Les Conseils de Roberto Mata ont donc produit les « décisions » imaginaires auxquelles ils se référaient, et qu’ils ont tenu, sans guère de vérification, pour vraies. Il ne s’agit, dit la Cour, que de résumés et / ou d’extraits produits par ChatGPT, dont le contenu aurait dû attirer l’attention des Conseils : parties imaginaires, fautes de style et de raisonnement, changement d’identité des parties dans la « décision », le résumé de la procédure « (…) is difficult to follow and borders on nonsensical », absence de dispositif, numéros de cause faux, décision qui se cite elle-même comme précédent, etc. Ces décisions imaginaires se réfèrent par ailleurs également à des décisions qui sont tout aussi imaginaires ou dont le contenu n’est pas celui qu’on leur prête.

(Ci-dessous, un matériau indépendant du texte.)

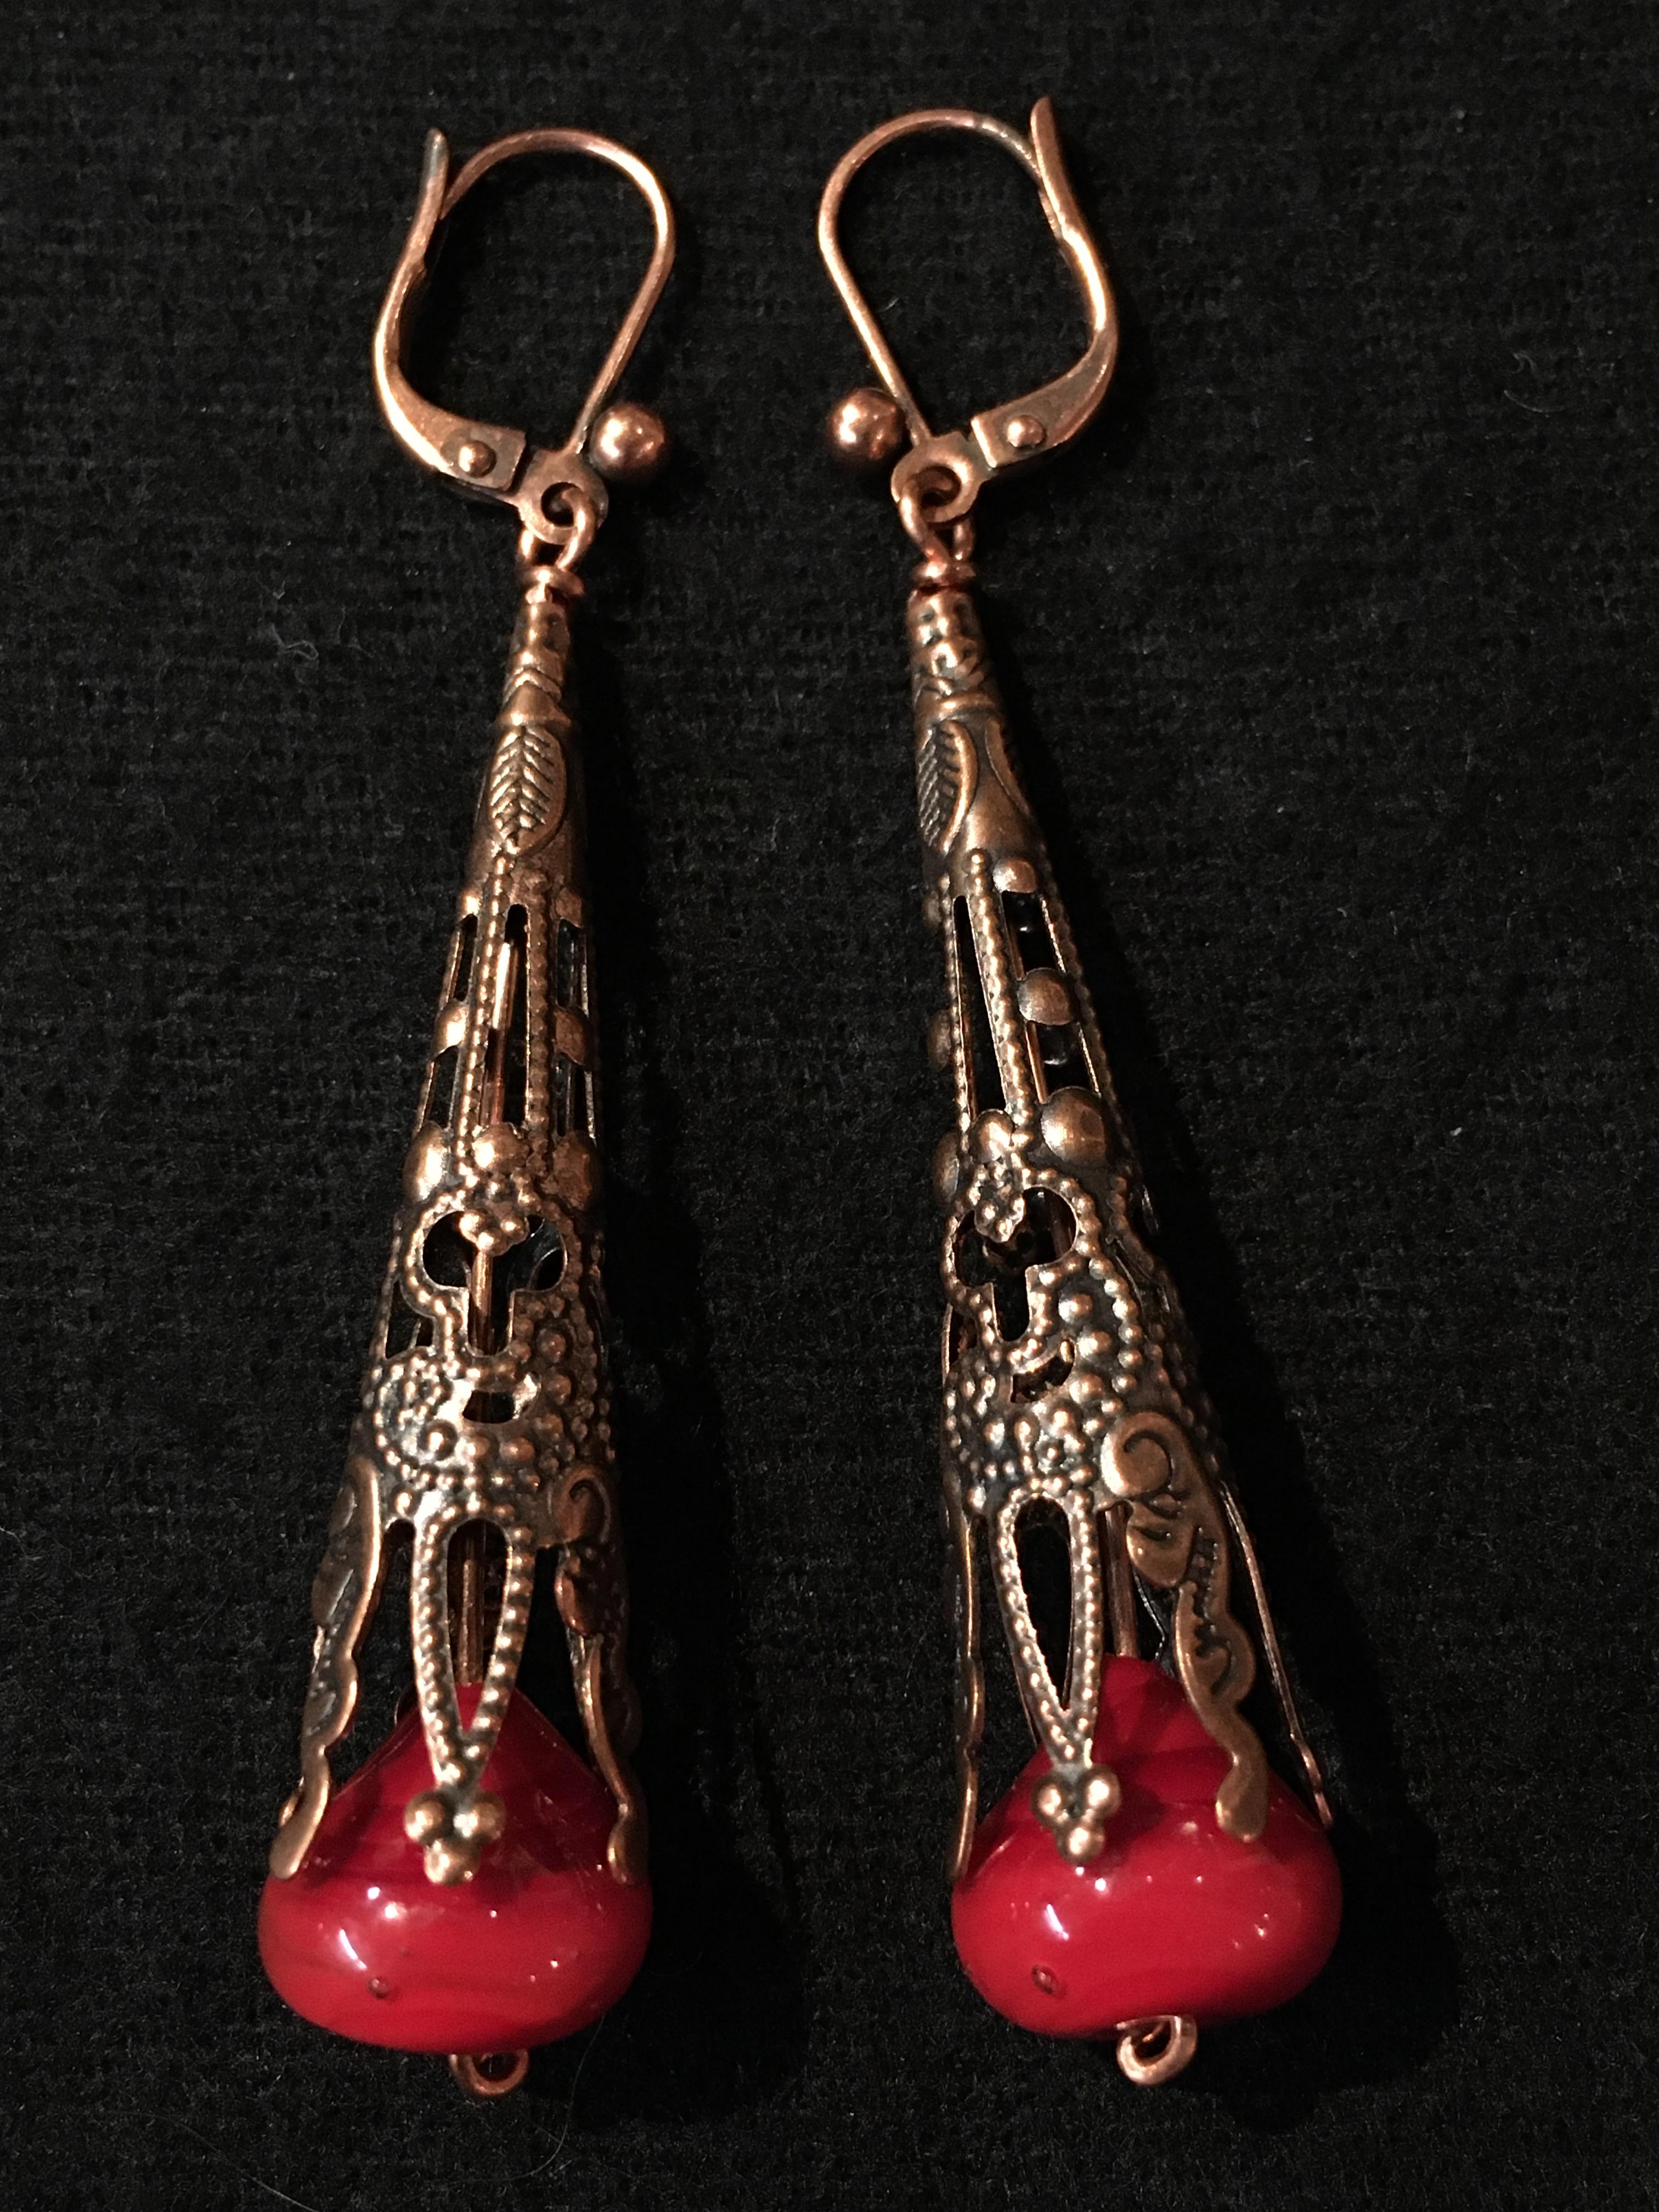 Boucles d'oreille ref. BO/MF03r/28€

Il est intéressant de voir que ChatGPT avait d’abord répondu de manière très générale aux demandes des avocats de Roberto Mata (description de la Convention de Montréal, mécanisme de la prescription etc.) avant, devant les demandes répétées et de plus en plus insistantes de l’avocat, de commencer à « halluciner » les six décisions susmentionnées (voir Mata v. Avianca, Inc., Opinion and Order on Sanctions, no 39).
Il est utile de citer ici ce qu’écrit le Juge Castel sur le rôle de l’avocat comme « gatekeeper » :
« Lorsqu’il s’agit de rechercher et de rédiger des conclusions judiciaires, les bons avocats se font aider de manière appropriée par des juristes débutants, des étudiants en droit, des juristes contractuels, des encyclopédies juridiques et des bases de données telles que Westlaw et LexisNexis. Les progrès technologiques sont monnaie courante et l’utilisation d’un outil d’intelligence artificielle fiable à des fins d’assistance n’a rien d’intrinsèquement répréhensible. Mais les règles existantes imposent aux avocats un rôle de gardien [gatekeeper] pour garantir l’exactitude de leurs déclarations.

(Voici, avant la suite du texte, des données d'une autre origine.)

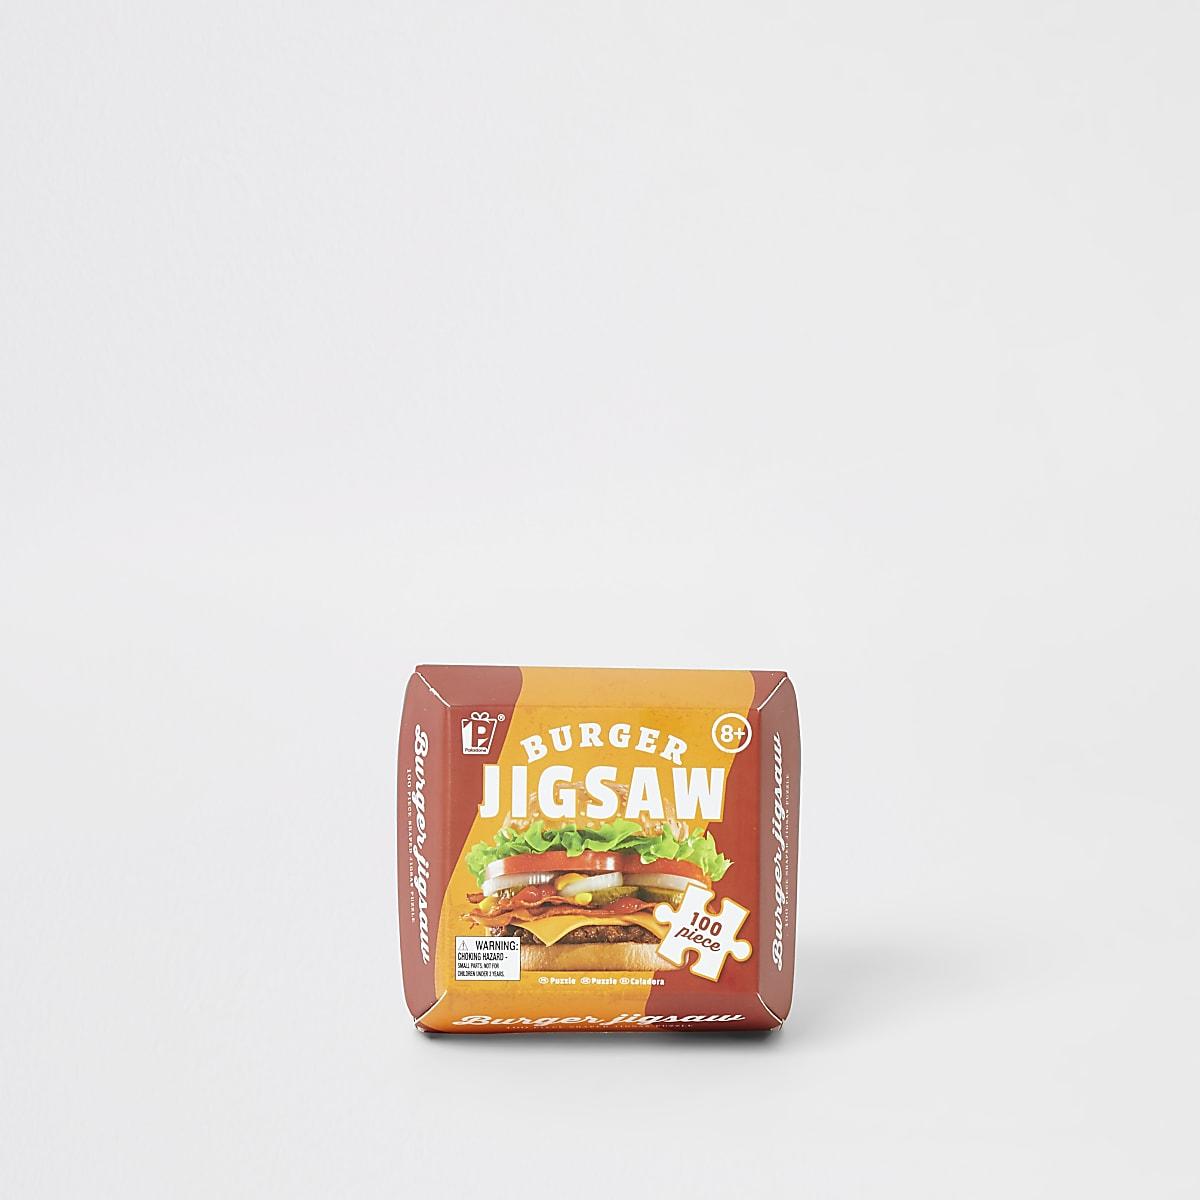 Burger 100 piece jigsaw puzzle

[Les conseils de Roberto Mata] ont abandonné leurs responsabilités lorsqu’ils ont soumis des avis judiciaires inexistants avec de fausses citations créées par l’outil d’intelligence artificielle ChatGPT, puis ont continué à soutenir les faux avis après que des ordonnances judiciaires ont remis en question leur existence. La partie adverse perd du temps et de l’argent en exposant la tromperie. La partie adverse perd du temps et de l’argent pour démasquer la tromperie. Le temps de la Cour est pris sur d’autres activités importantes. Le client peut être privé d’arguments fondés sur des précédents judiciaires authentiques. La réputation des juges et des tribunaux dont les noms sont faussement invoqués en tant qu’auteurs des faux avis et la réputation d’une partie à qui l’on attribue un comportement fictif sont potentiellement affectées. Cela favorise le cynisme à l’égard de la profession juridique et du système judiciaire américain. Et un futur plaideur pourrait être tenté de défier une décision de justice en invoquant de manière fallacieuse des doutes quant à son authenticité. » (Mata v. Avianca, Inc., Opinion and Order on Sanctions, Introduction, traduction libre)
On ne saurait mieux dire.
(Mata v. Avianca, Inc., No. 1:2022cv01461 – Document 54 (S.D.N.Y. 2023) – consulté ici les 29 et 30 septembre 2024 : https://law.justia.com/cases/federal/district-courts/new-york/nysdce/1:2022cv01461/575368/54/#:~:text=Mata%20v.%20Avianca,%20Inc.,%20No.%201:2022cv01461)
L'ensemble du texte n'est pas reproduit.